The debate on STEM immigration may be in a Congressional lull at the moment as the Gang of Eight dithers and other proposals wither, but all parties involved have something new to think about: the 85,000 high-skill visas open this year were overbid in just 5 days.

STEM, a now-common acronym, stands for those trained in science, technology, engineering, and mathematics.

In short, companies looking to hire foreign talent managed to blow past this year’s open slots in less than a week. According to the Los Angeles Times, this will result in a lottery to handle the demand; extra demand will thus be managed by the random allotting of slots. In the view of the LA Times, this isn’t so good a system:

 A superstar software engineer sponsored by Microsoft has the same chance of landing an H-1B visa as does a person hoping to work for a lesser-known company.

Randomness and caprice: the buzzwords of our immigration system.

Now, why not raise that cap? There has been talk of it, but the universally popular idea of raising the visa cap for STEM individuals is all but halted at the moment.

Various proposals have become stymied for one reason of another: A bill in the House added more STEM visas, but did away with the Green Card Lottery. That was a non-starter, as was a similar bill filed directly after that had the same number of proposed new STEM visas, but didn’t ax the Green Card Lottery. It didn’t make real progress.

A side note: Why is it bad to have a H1-B visa lottery, and just fine to have a Green Card Lottery? In short countries are free to prioritize their immigration systems, and so to constrain the flow of highly-skilled, likely entrepreneurially minded folks is simply bad policy. At the same time, having a mechanism by which anyone can have a shot at long-term residency, regardless of skill is quite egalitarian.

Another proposal in the Senate appeared poised to force the issue: The Immigration Innovation Act. It did the following, as reported by TNW at the time:

Completely end the cap on the total, yearly number of H-1B visas that American companies can apply for, providing that they are applying for a foreign graduate with a technical degree of an American university. TNW isn’t sure, but we’re assuming that degrees that fall under the “STEM” rubric are what will be required.

Improve the extant H-1B system by adding 40,000 slots each year. Also, the act would grant more H-1B visas based on market demand, provided that the new 115,000 visa ceiling was reached before the end of the year. This system would have a final cap of 300,000.

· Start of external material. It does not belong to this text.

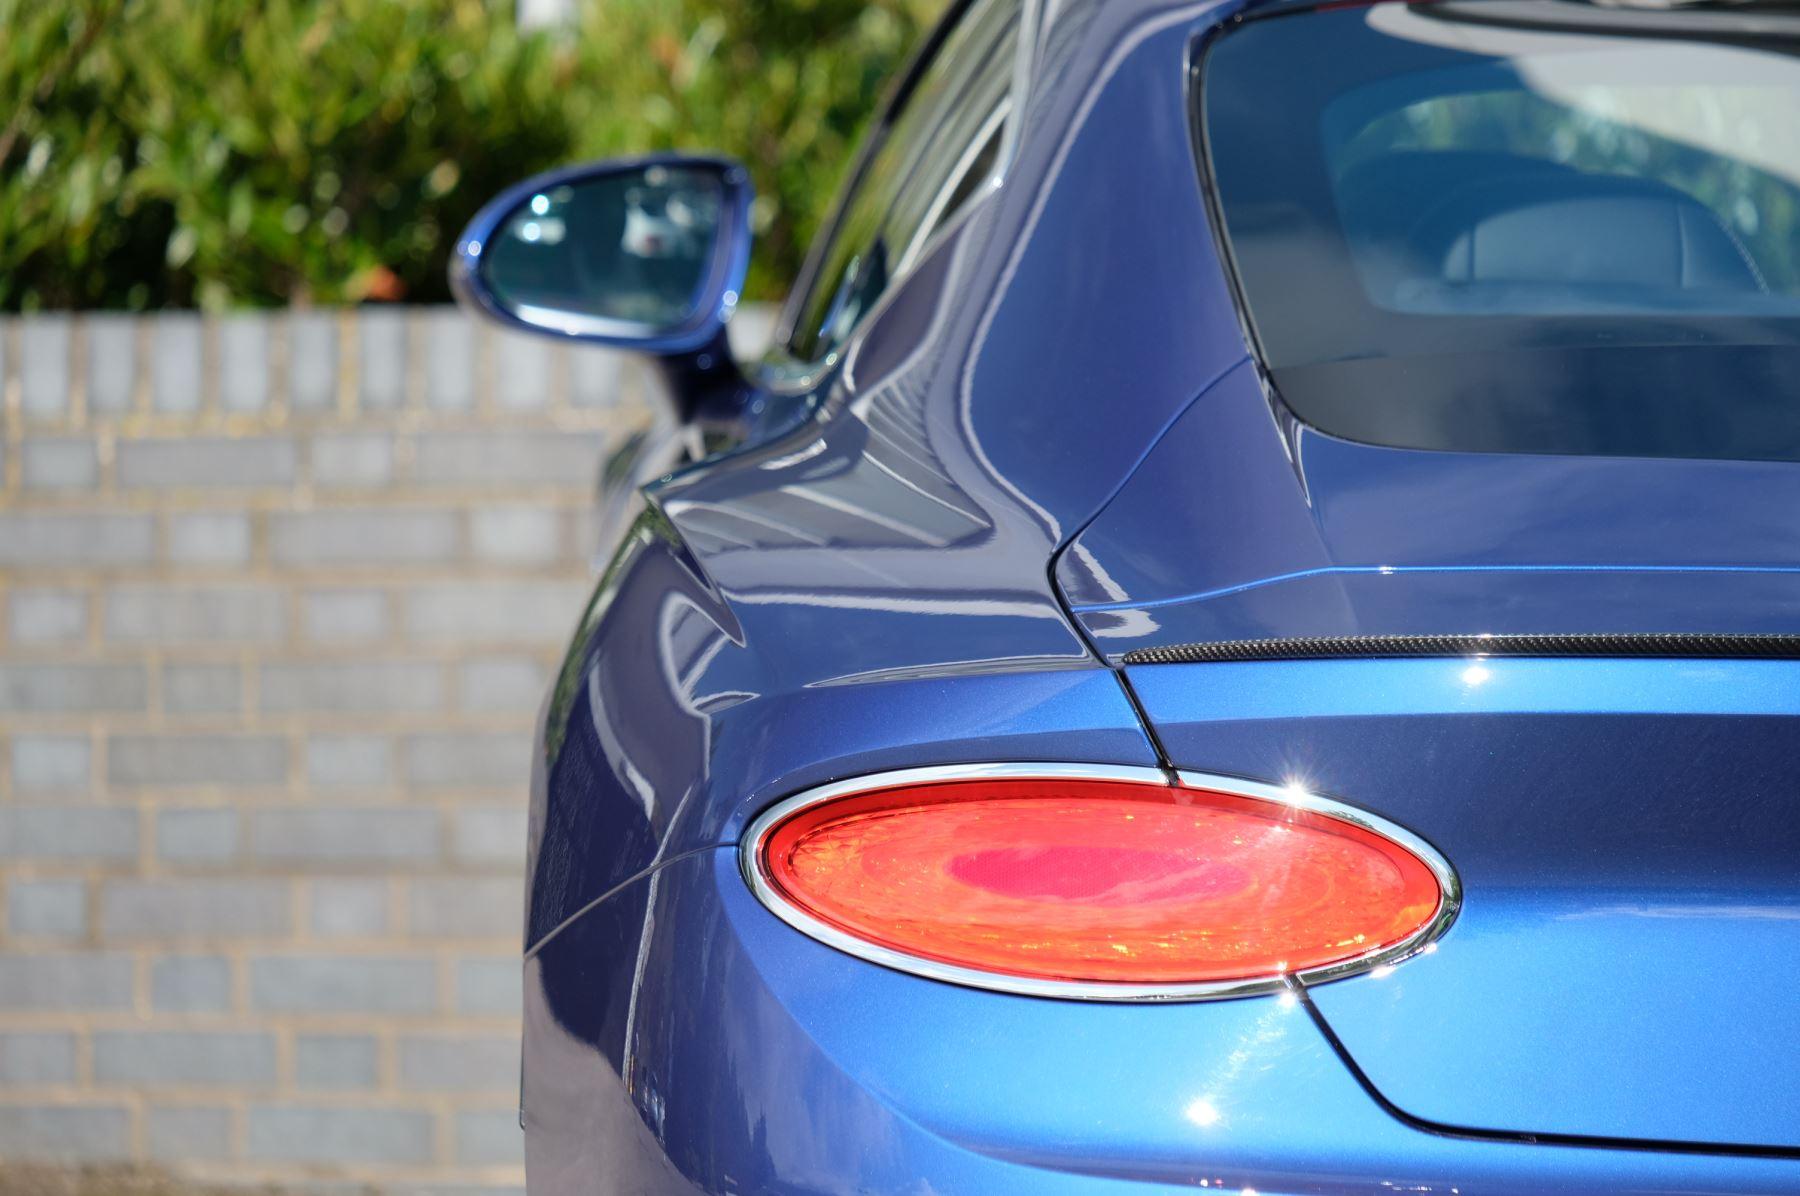 Bentley Continental GT 4.0 V8 2dr Mulliner Driving Specification image 7

It was criticized by those hunting for a ‘comprehensive’ immigration reform package, and not something that would come in pieces, regardless of how useful each morsel could have been. No comprehensive bill has been proposed, let alone agreed on in spirit by a small group of Senators tasked with behaving like functional legislators.

That said, we are out of STEM visas for the year, sorry. If you were looking to hire, you can take a shot at the lottery, if you think that it is worth your time. It took, according to TechCrunch, more than 2 months to burn through the 85,000 slots last year. Perhaps in 2014 we’ll run dry in a single day.

Inside the realm of technology, folks are banding together to try and fight for the sort of immigration policy that would help unlock more growth in the sect or. How far Mark Zuckerberg will get remains to be seen.